Extracted data entries:
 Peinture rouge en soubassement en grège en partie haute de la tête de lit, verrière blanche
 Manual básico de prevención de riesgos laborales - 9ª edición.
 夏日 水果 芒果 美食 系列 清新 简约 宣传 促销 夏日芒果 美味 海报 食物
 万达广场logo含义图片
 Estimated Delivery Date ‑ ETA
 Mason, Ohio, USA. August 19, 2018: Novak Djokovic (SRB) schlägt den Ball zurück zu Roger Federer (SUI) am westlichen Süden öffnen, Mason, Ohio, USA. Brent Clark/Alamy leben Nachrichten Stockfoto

# Directions for this task
Your reply should be nothing but the lines from the one containing "Estimated Delivery Date ‑ ETA" through the last line above, copied exactly; please include both ends.

# Response
 Estimated Delivery Date ‑ ETA
 Mason, Ohio, USA. August 19, 2018: Novak Djokovic (SRB) schlägt den Ball zurück zu Roger Federer (SUI) am westlichen Süden öffnen, Mason, Ohio, USA. Brent Clark/Alamy leben Nachrichten Stockfoto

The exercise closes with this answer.